**DATA EXCERPT**
┏━━

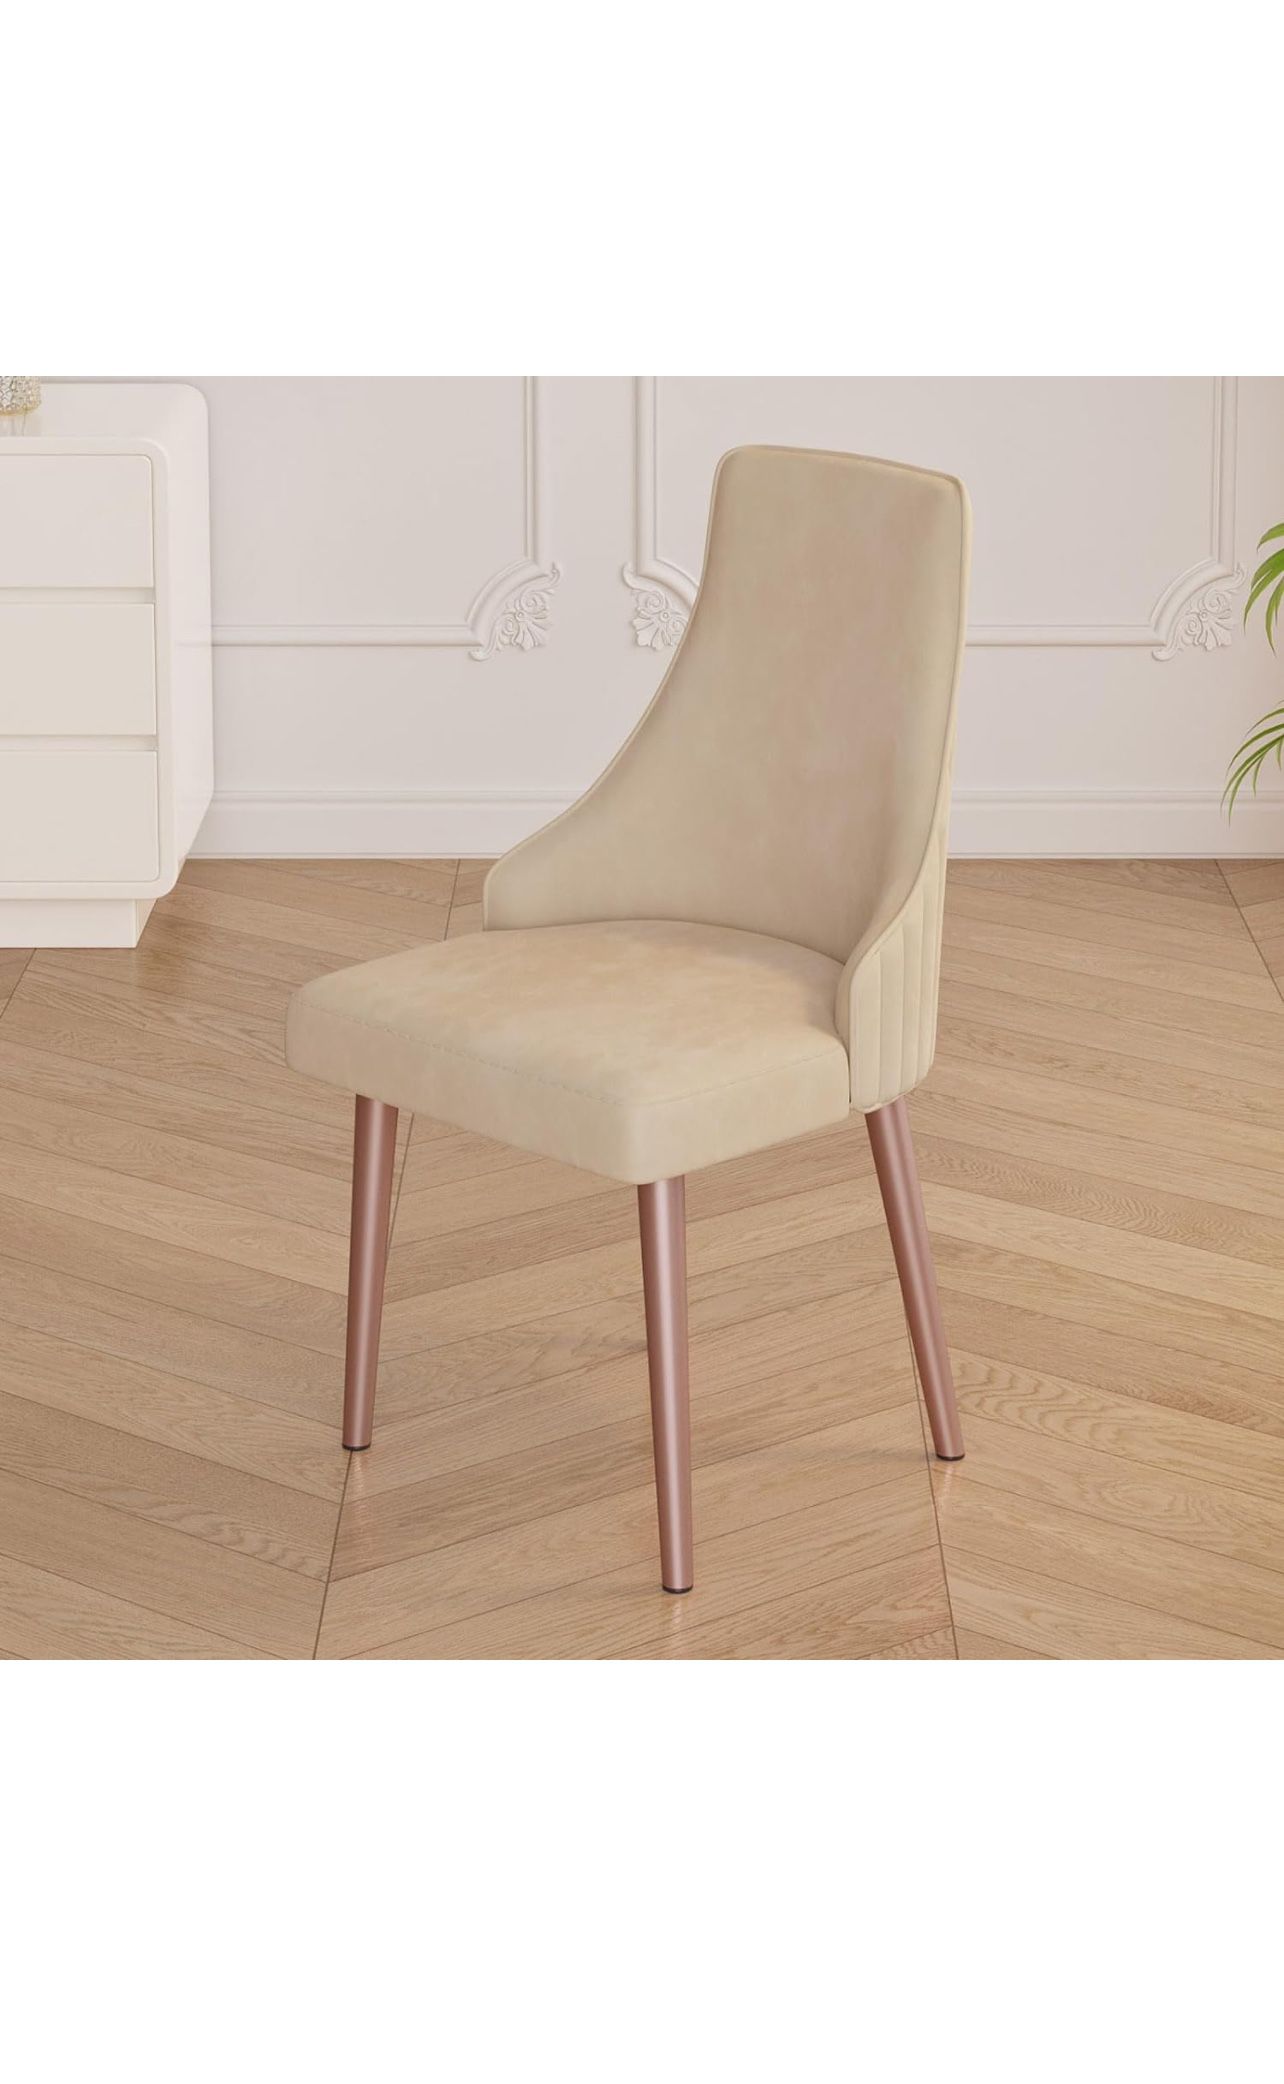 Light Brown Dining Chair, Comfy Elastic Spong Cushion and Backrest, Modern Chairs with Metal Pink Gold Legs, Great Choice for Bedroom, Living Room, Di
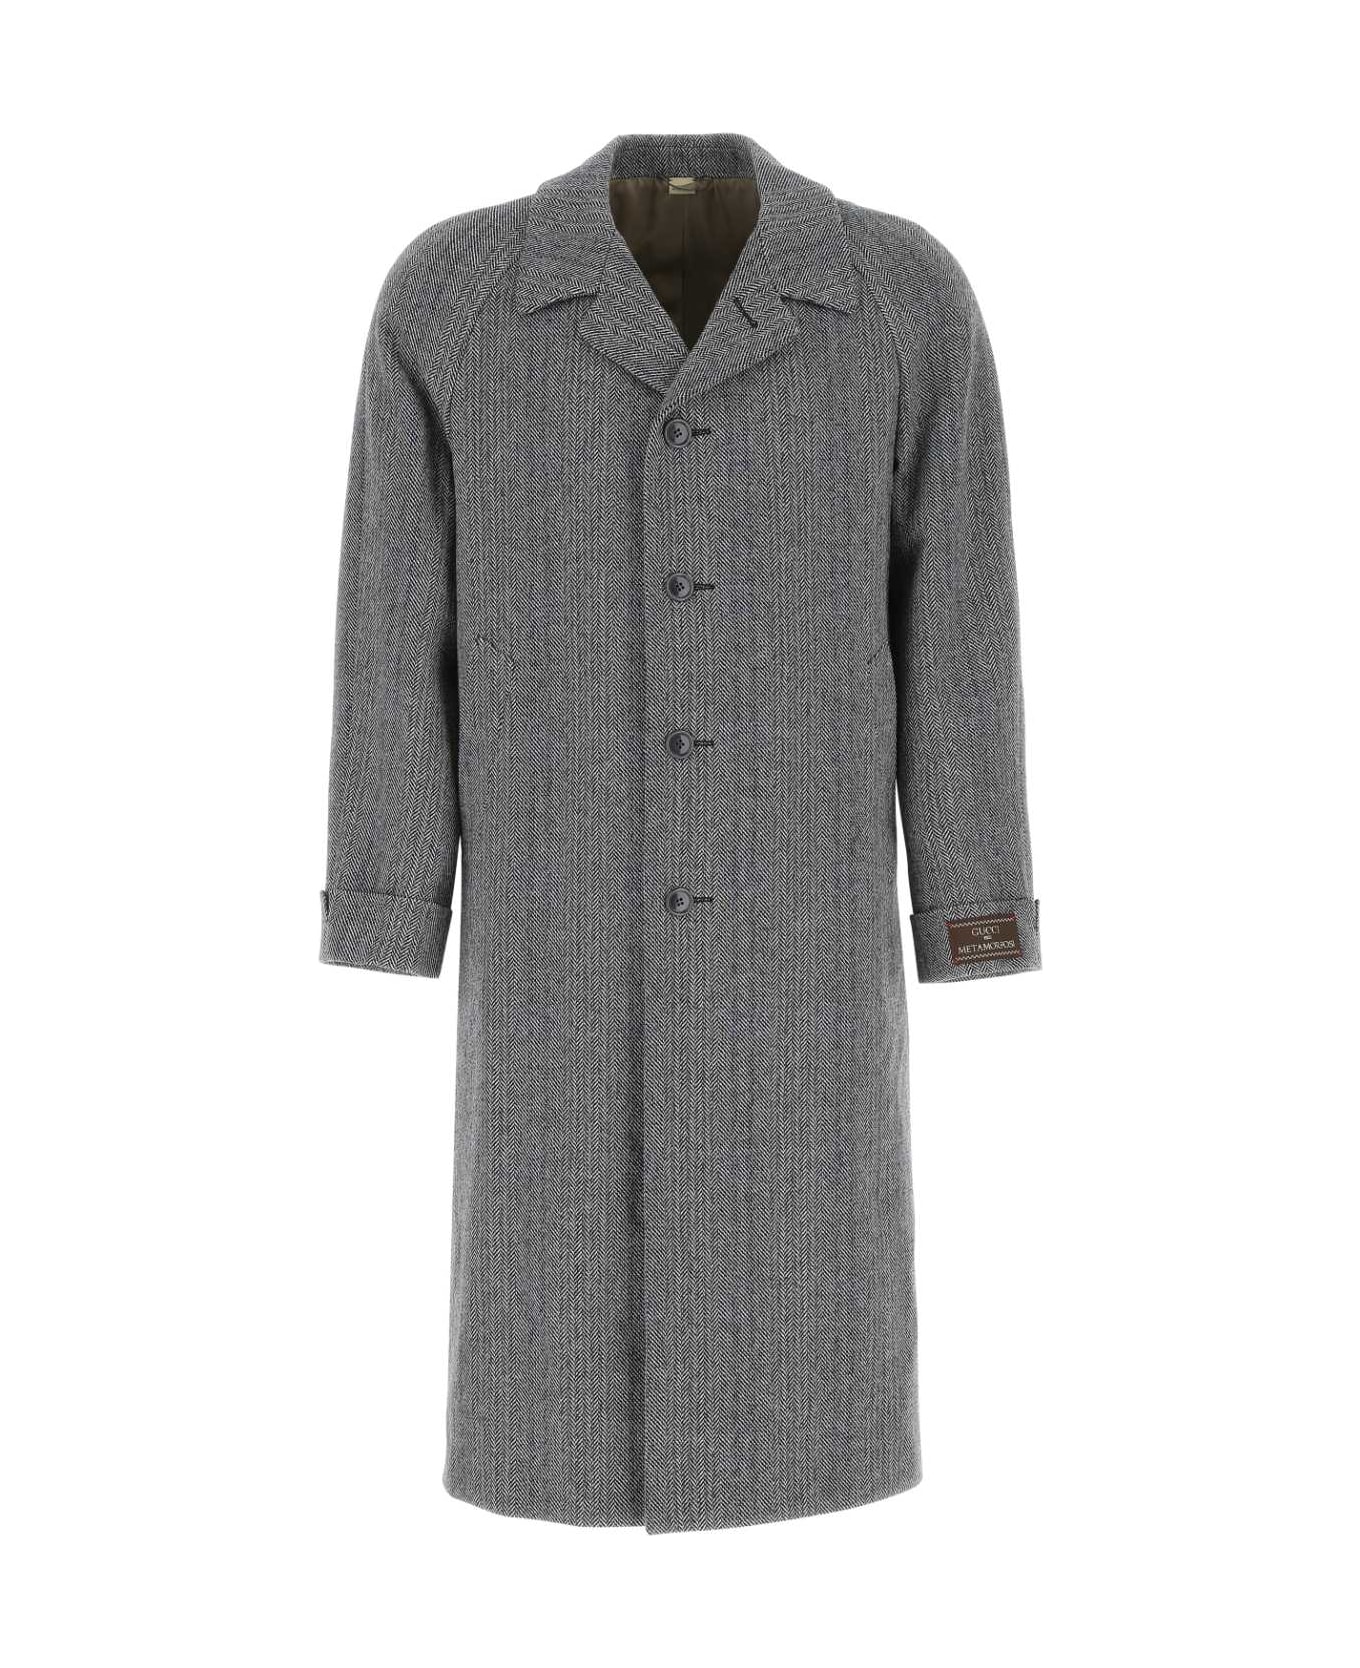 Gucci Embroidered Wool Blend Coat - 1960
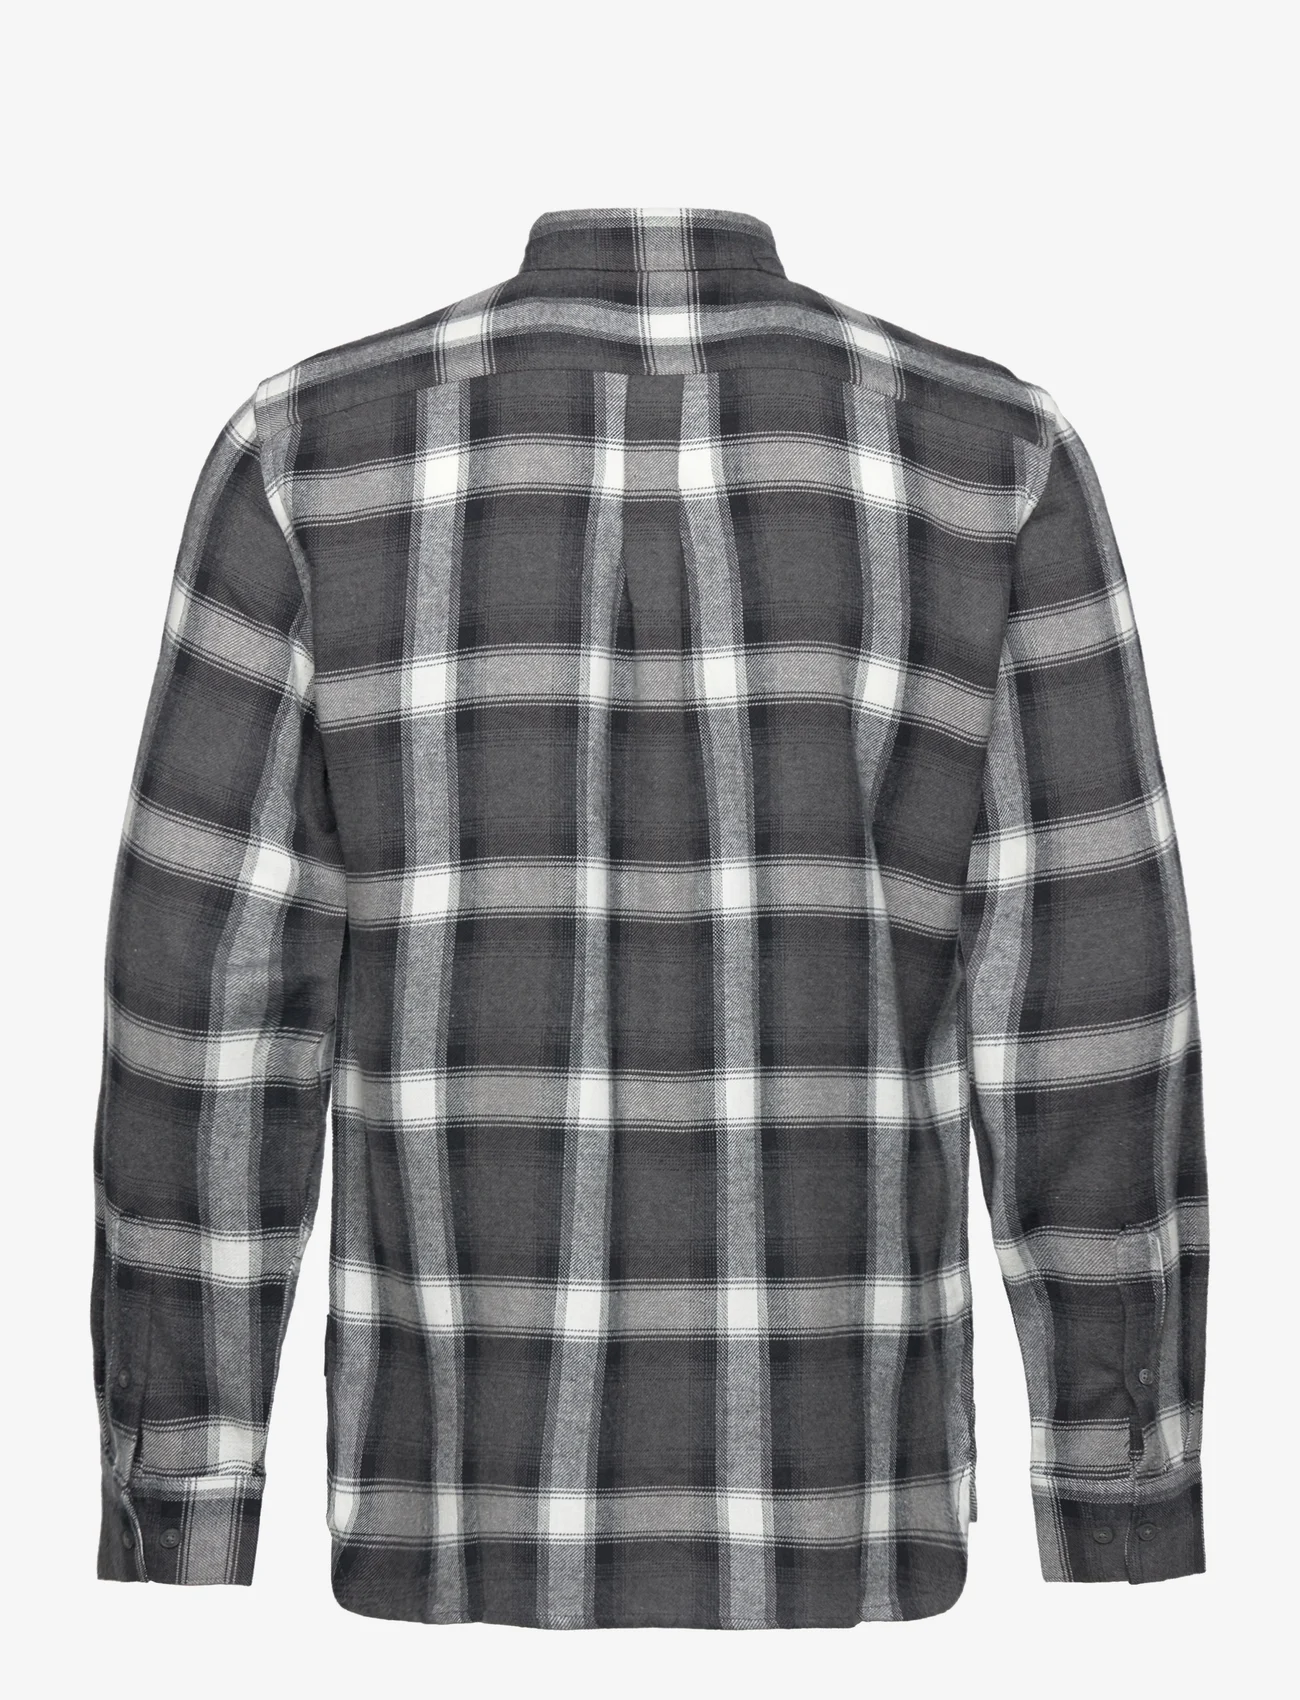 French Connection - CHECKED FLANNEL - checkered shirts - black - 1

┗━━

Word for word, write out the whole listing, keeping none of the pictures.

**RESULT OF THIS EXERCISE**
 Light Brown Dining Chair, Comfy Elastic Spong Cushion and Backrest, Modern Chairs with Metal Pink Gold Legs, Great Choice for Bedroom, Living Room, Di
 Gucci Embroidered Wool Blend Coat - 1960
 French Connection - CHECKED FLANNEL - checkered shirts - black - 1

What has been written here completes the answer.